1. Prepare the eggplant by cutting  into cubes, then laying on  a cookie sheet. Sprinkle lightly  with salt and allow to sit for 30  minutes.

2. Using a large pot (6 quarts or bigger),  add your olive oil. When it  is hot, add the onions. When the  onions start to turn translucent  (5 to 7 minutes on medium-high  heat) add your garlic. When the  garlic starts to soften, lower your  flame to medium.

3. Add the eggplant, stirring it  into the rest of the ingredients.  Cover and let sweat for about  5 to 7 minutes or until it starts to  soften. Then add your zucchini  and squash, cover, and leave to  sit for 3 to 5 minutes, just enough  for it to start to soften.

4. Add your tomatoes, fresh  herbs, and white wine. Stir  gently to incorporate. Cover and turn flame to medium-low heat,  and let simmer for 30 minutes  or until all vegetables are tender  but not mushy. Add salt and  pepper (to taste) at this point.

5. Using a slotted spoon, transfer  ¾ of the ratatouille into a  separate pot to cool and reserve.  Refrigerate.

6. Using a stick (immersion)  blender, blend the remaining  liquid and ratatouille well. Cool  completely and reserve.

7. In 2 extra-strong, 2-gallon  Ziploc bags (double bag if need  be) add one half of the cooled  liquid from the ratatouille,  and 2 Cornish hens. Marinate  overnight.


1. Heat the oil in a large sauté  pan, and when oil is hot, add  shallots.
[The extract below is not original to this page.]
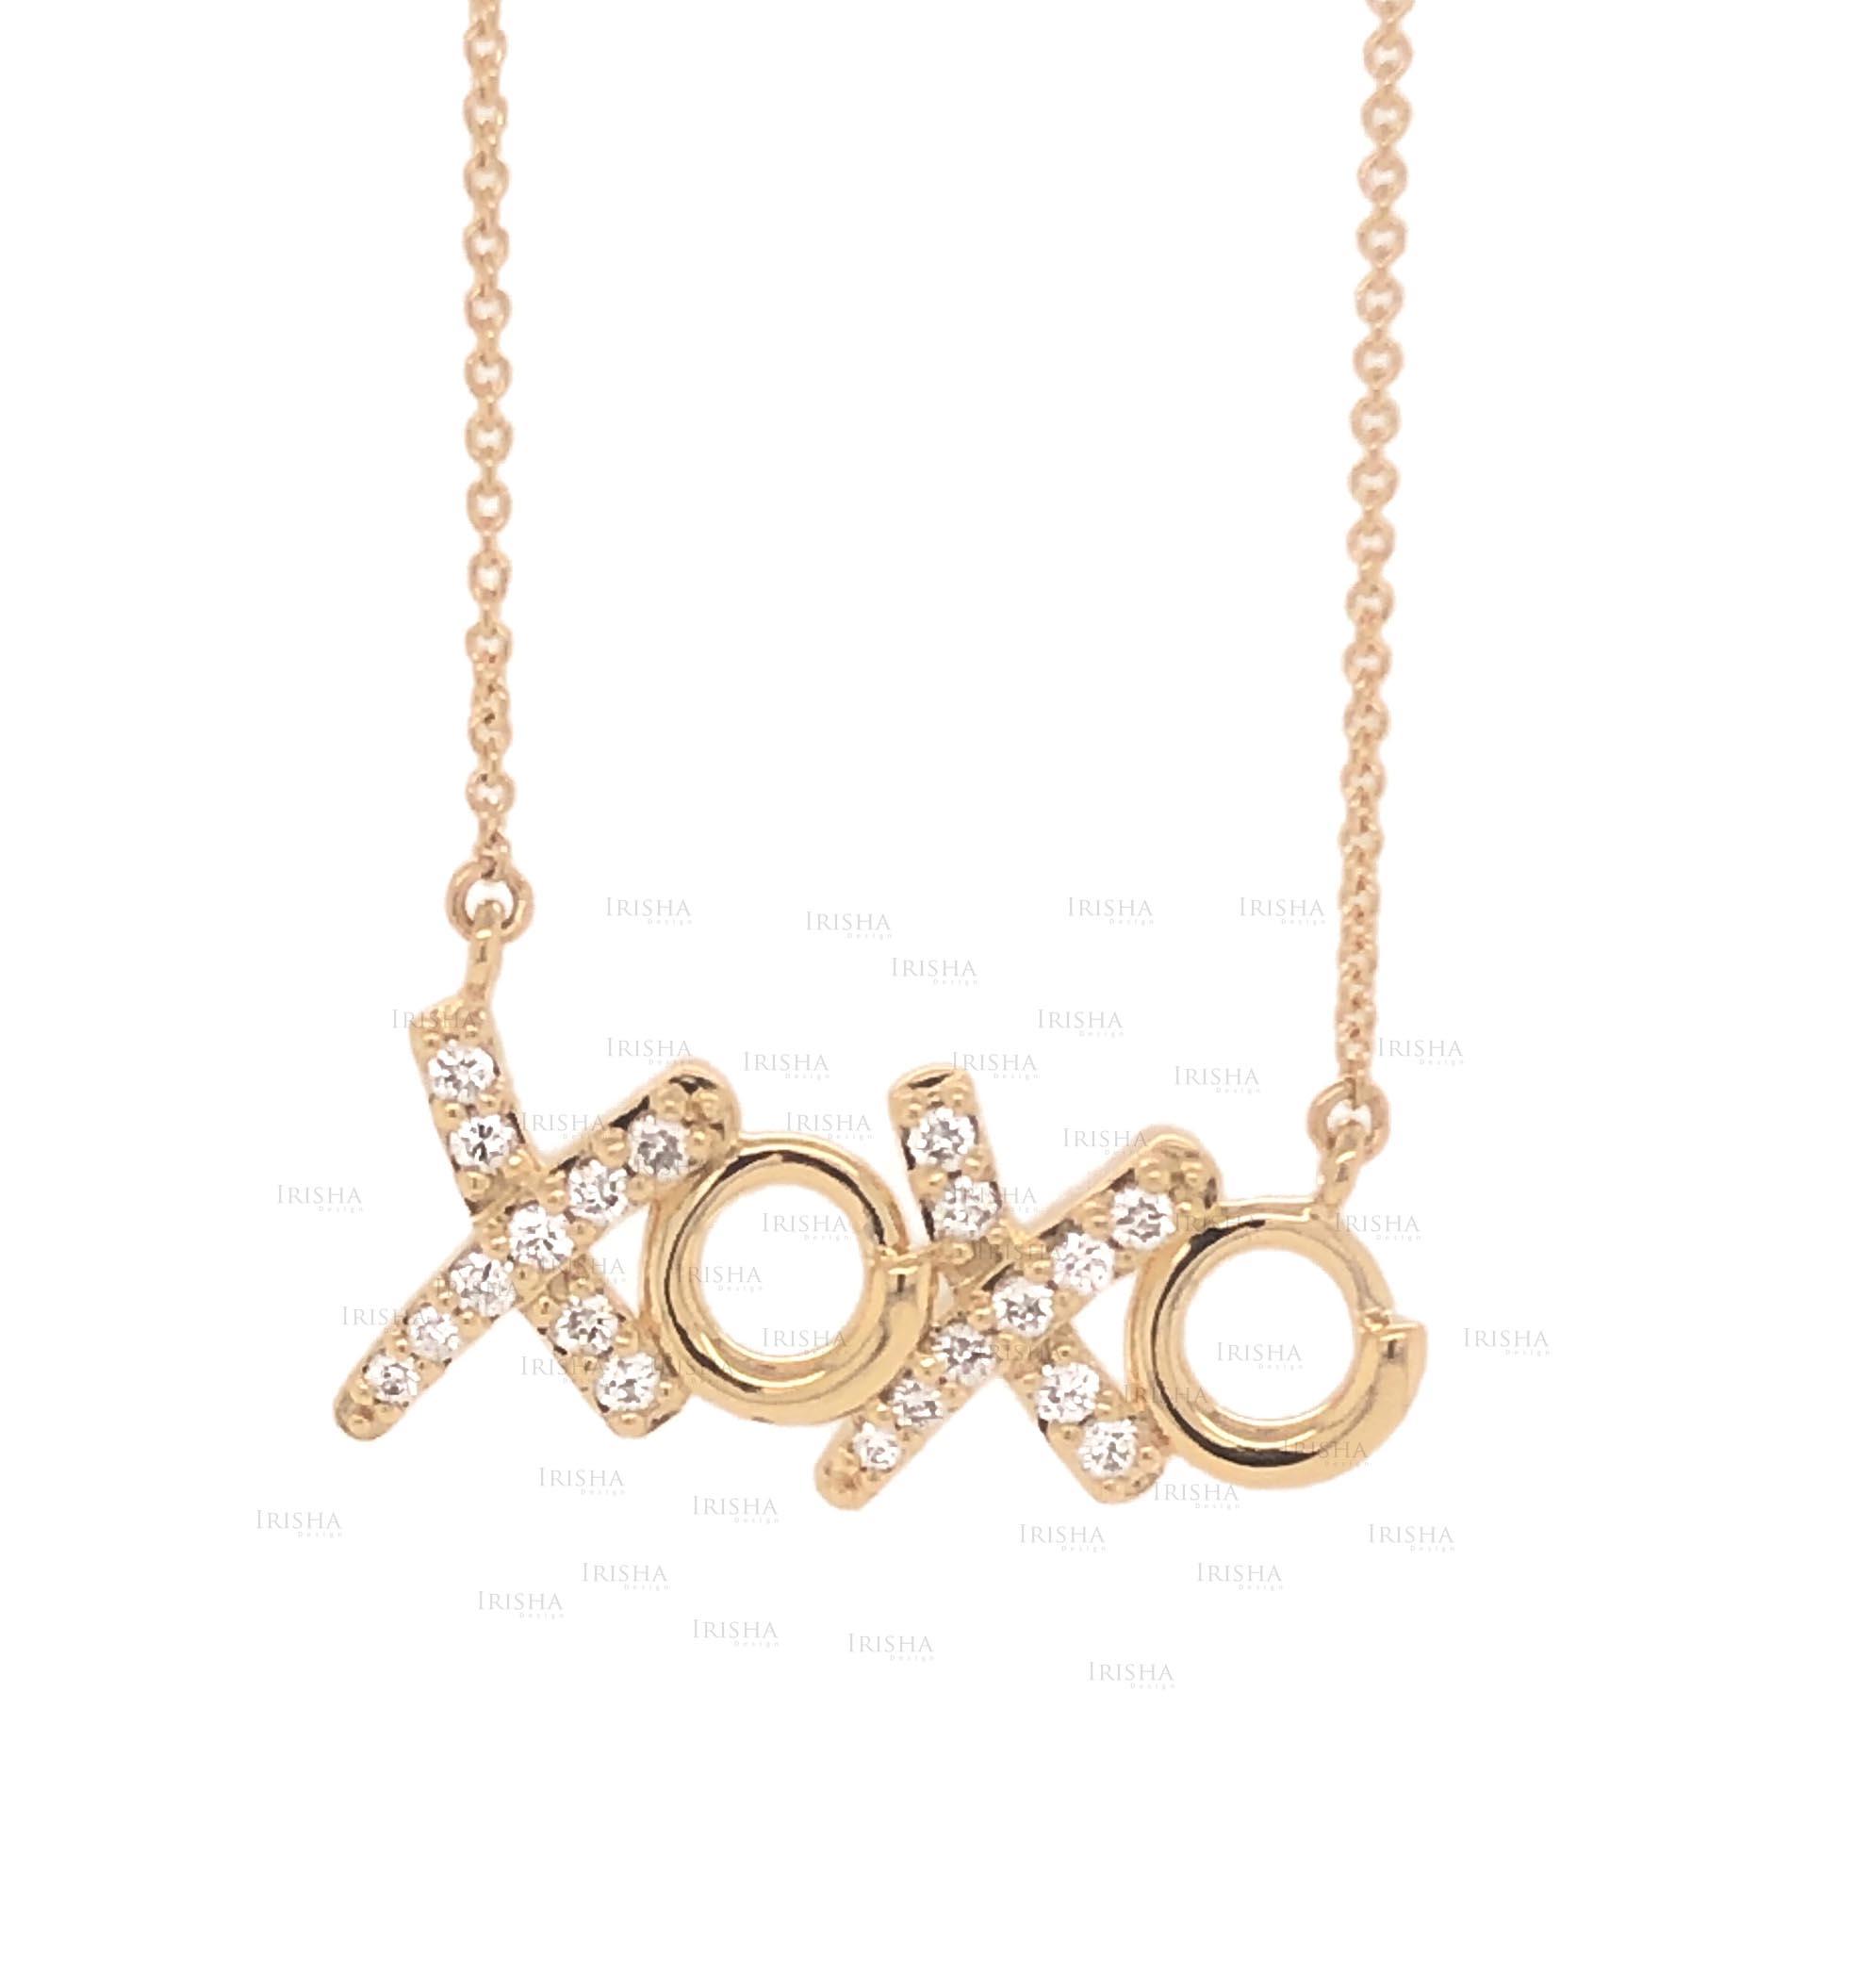 XOXO Pendant Necklace 0.15 Ct. Genuine Diamond 18K Gold Gift

When the shallots become clear (5 minutes on high  heat), add the mushrooms.

2. Lower heat to medium-high  and cook the mushrooms down  for 20 to 25 minutes, until they are  well-browned and have shrunk  considerably.

3. Add the white wine, and cook  for 5 minutes longer to reduce.  Cool completely and reserve.

4. Refrigerate.

To Prepare:

1. Preheat oven to 350°F.

2. Carefully separate skin from  breastbone using your fingers to  make a pocket of the skin.

3. Fill, but don’t overfill, the  pocket between skin and breast  with the duxelles mixture.

4. Cook breast-side down for  about 1 hour, or until thermometer inserted into thickest part of  thigh reads 180°F.

To Present:

1. Reheat the ratatouille and  duxelles. In the middle of the  plate, place a large spoonful of  ratatouille. Place Cornish hen,  breast-side down, in the middle  of the ratatouille, then garnish  with duxelles. For family-style  service, take a large serving  platter and spoon out the ratatouille,  then arrange the hens on  top. Then garnish with remaining  duxelles.